• INSTRUCTIONS FOR THE TASK:
Write back, word for word, the lines from the one containing "evaluación programas altas capacidades" to the end of the listing below. Include nothing else, and no pictures.

• DATA PROVIDED:
Segment Open
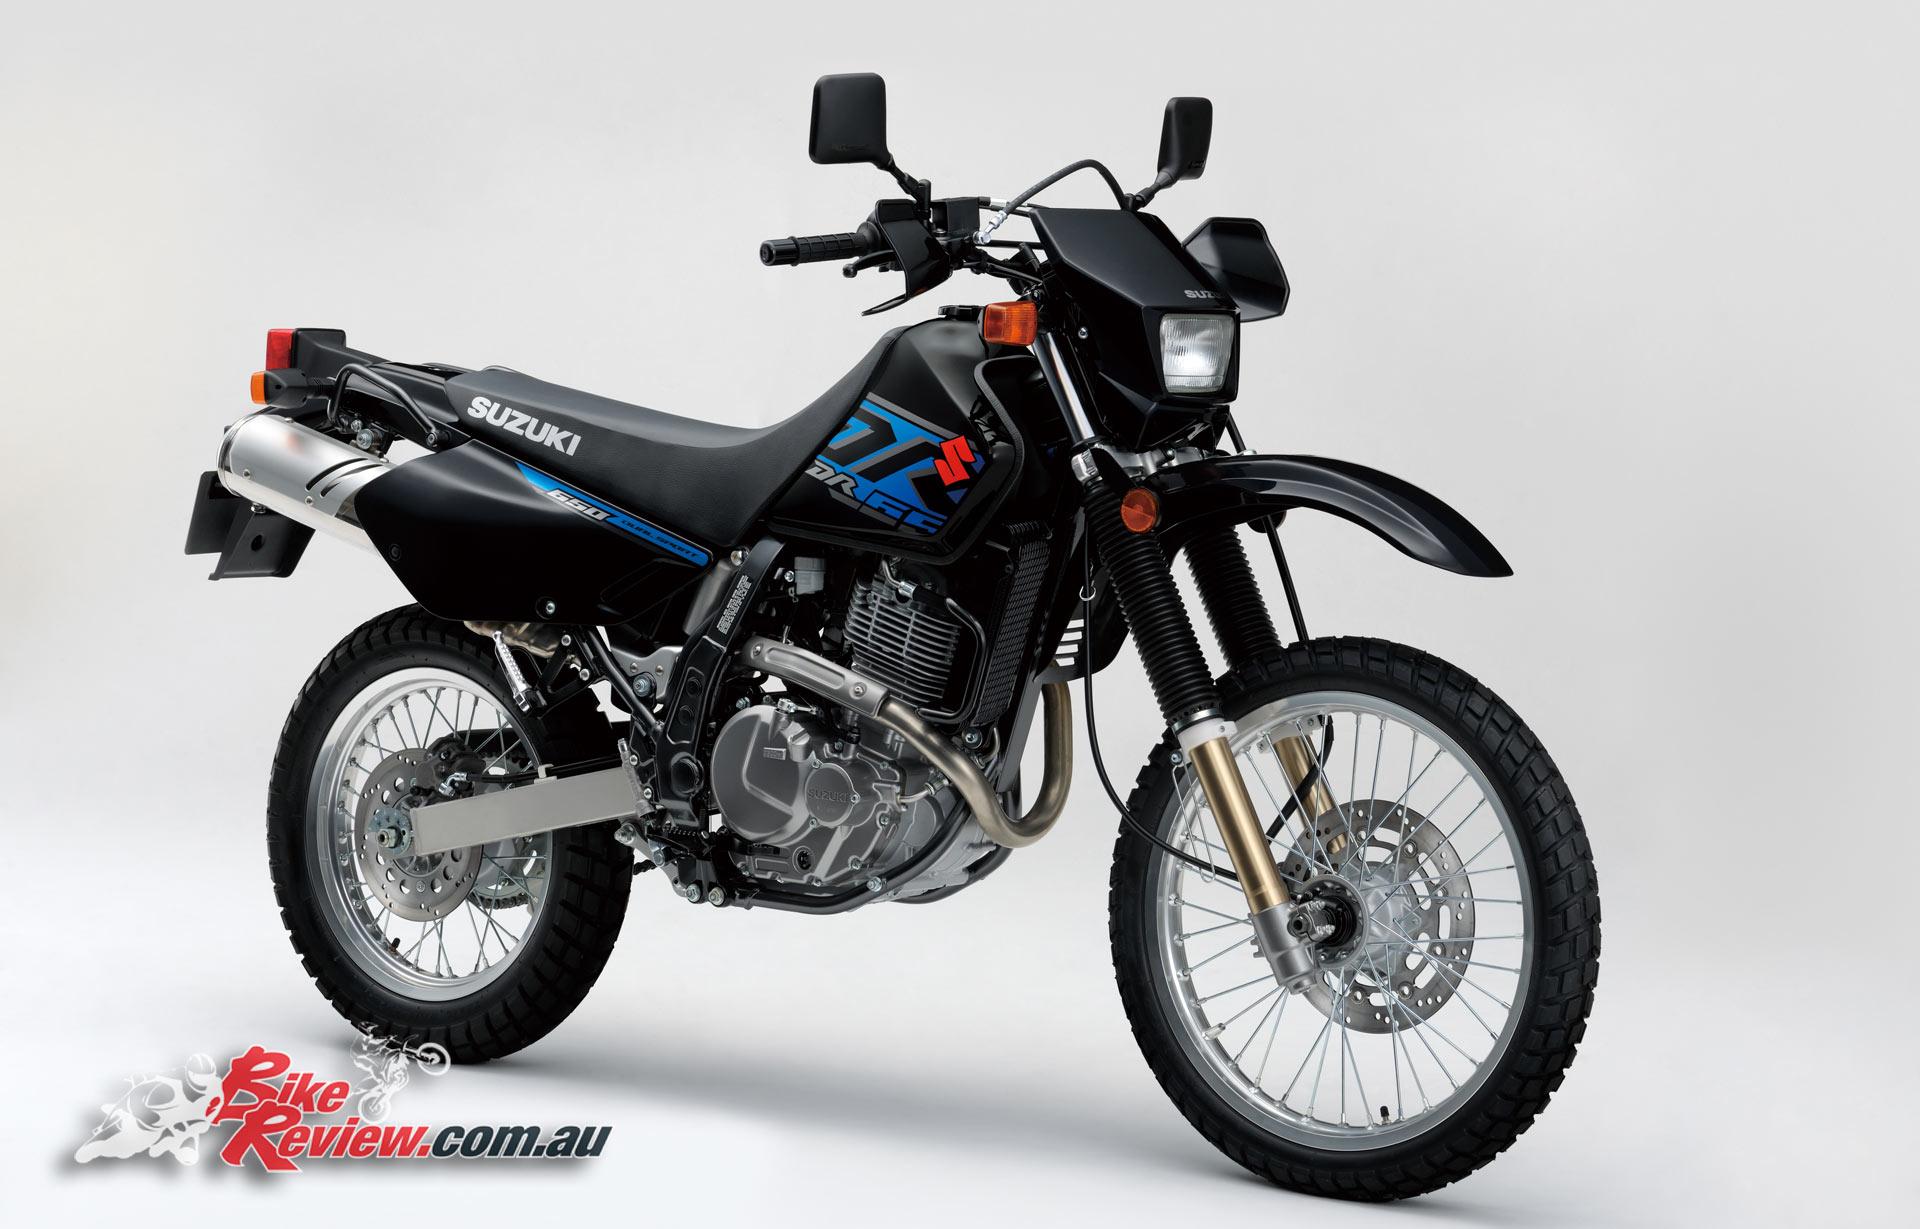 2017 Suzuki Dr650se On Sale Now Bike Review
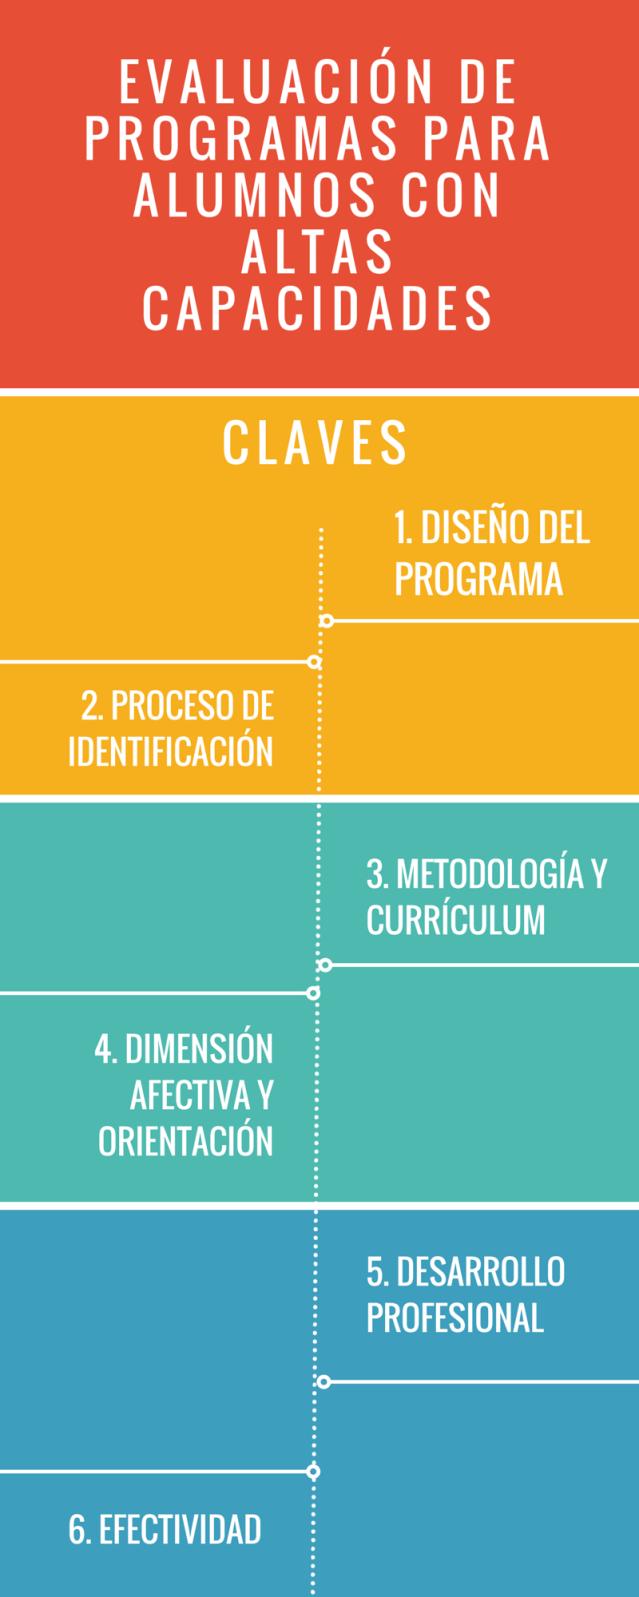 evaluación programas altas capacidades
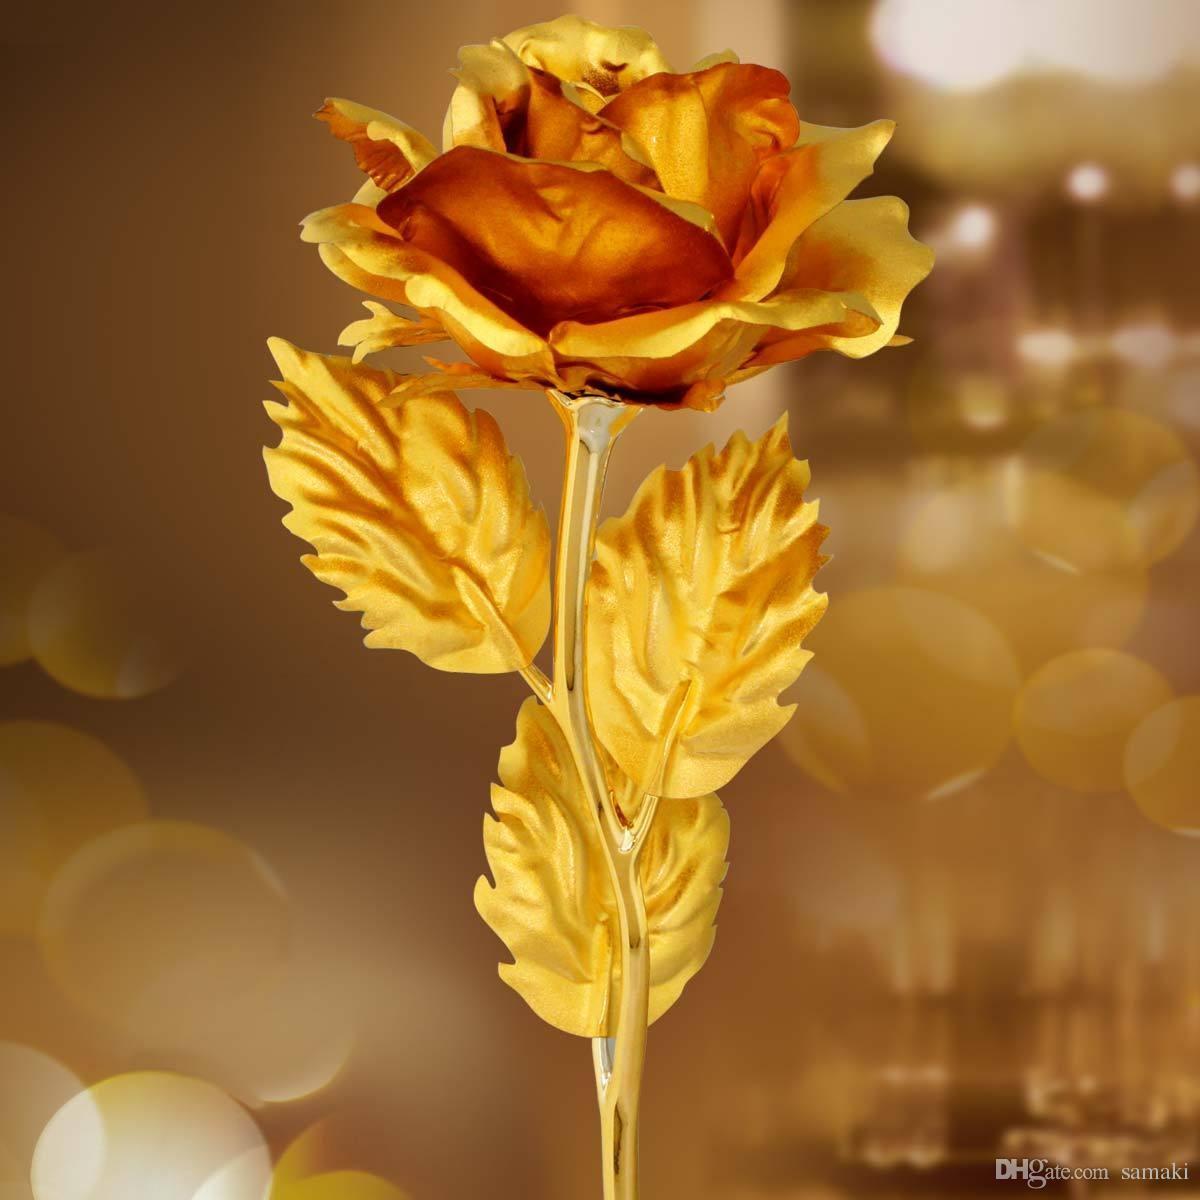 2018 Golden Rose For Valentine Day Artificial Flower Love
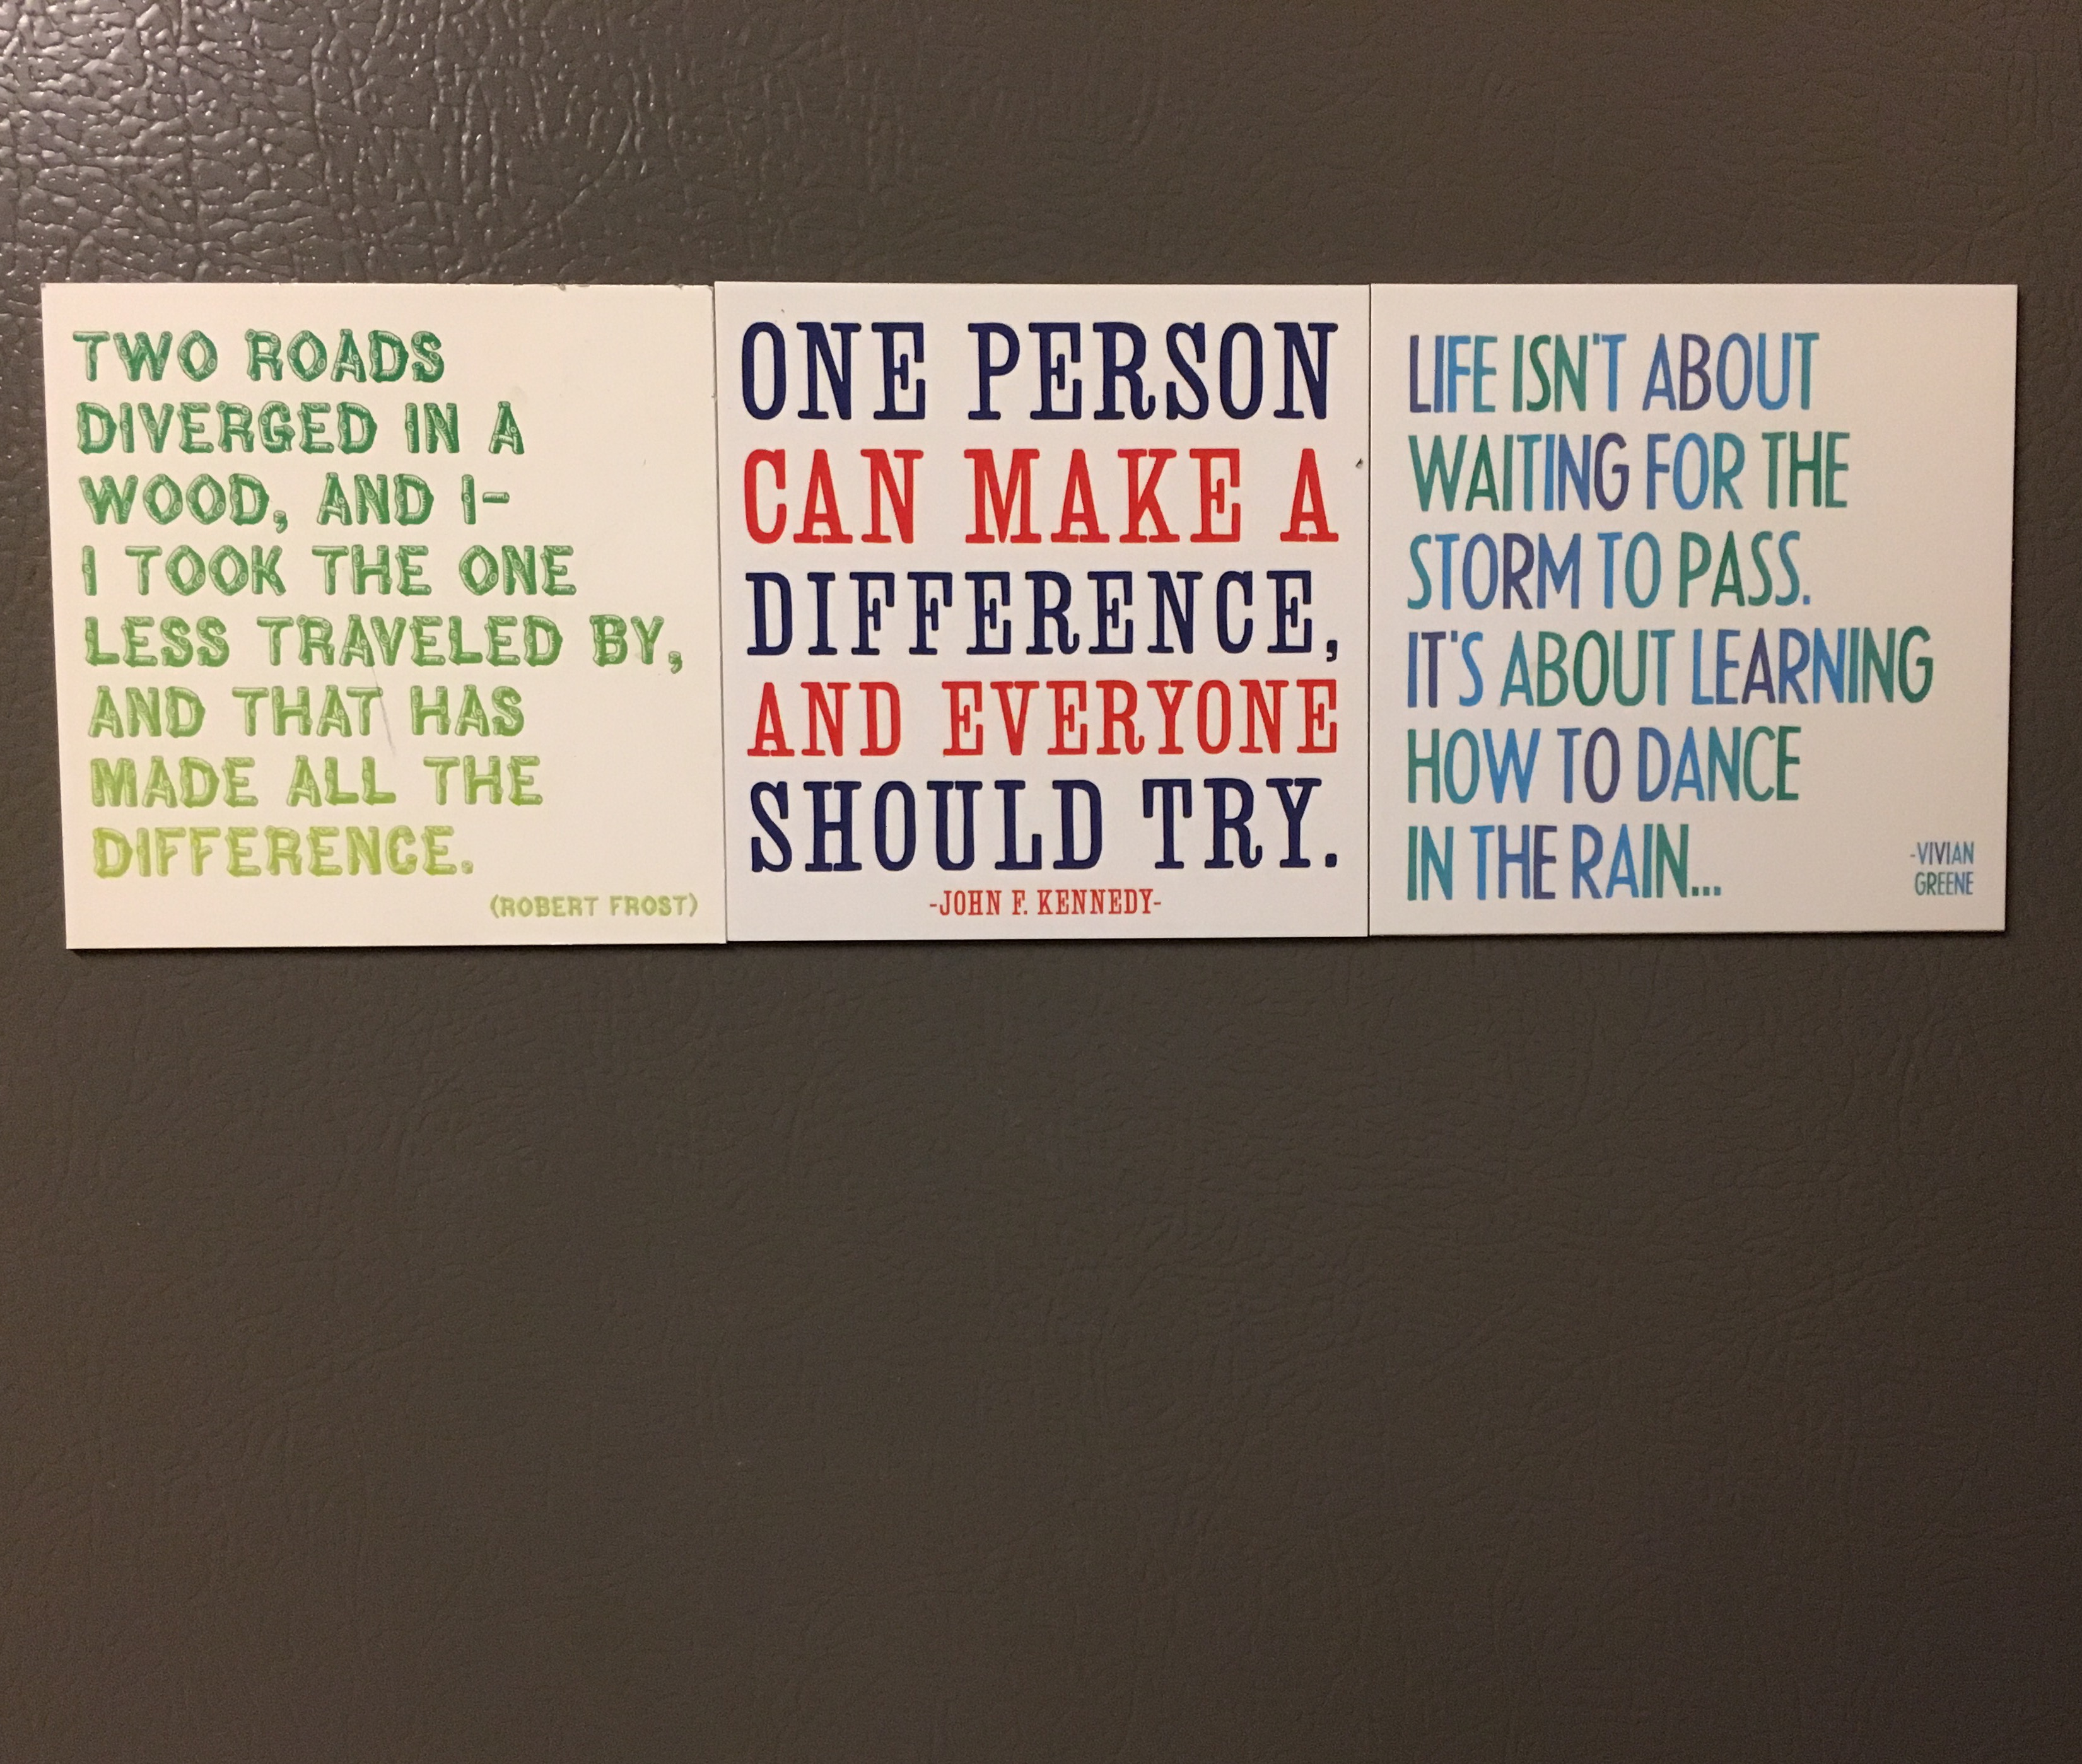 [Image] Fridge magnet wisdom
Segment Closed
• YOUR SOLUTION:
 evaluación programas altas capacidades
 2018 Golden Rose For Valentine Day Artificial Flower Love
 [Image] Fridge magnet wisdom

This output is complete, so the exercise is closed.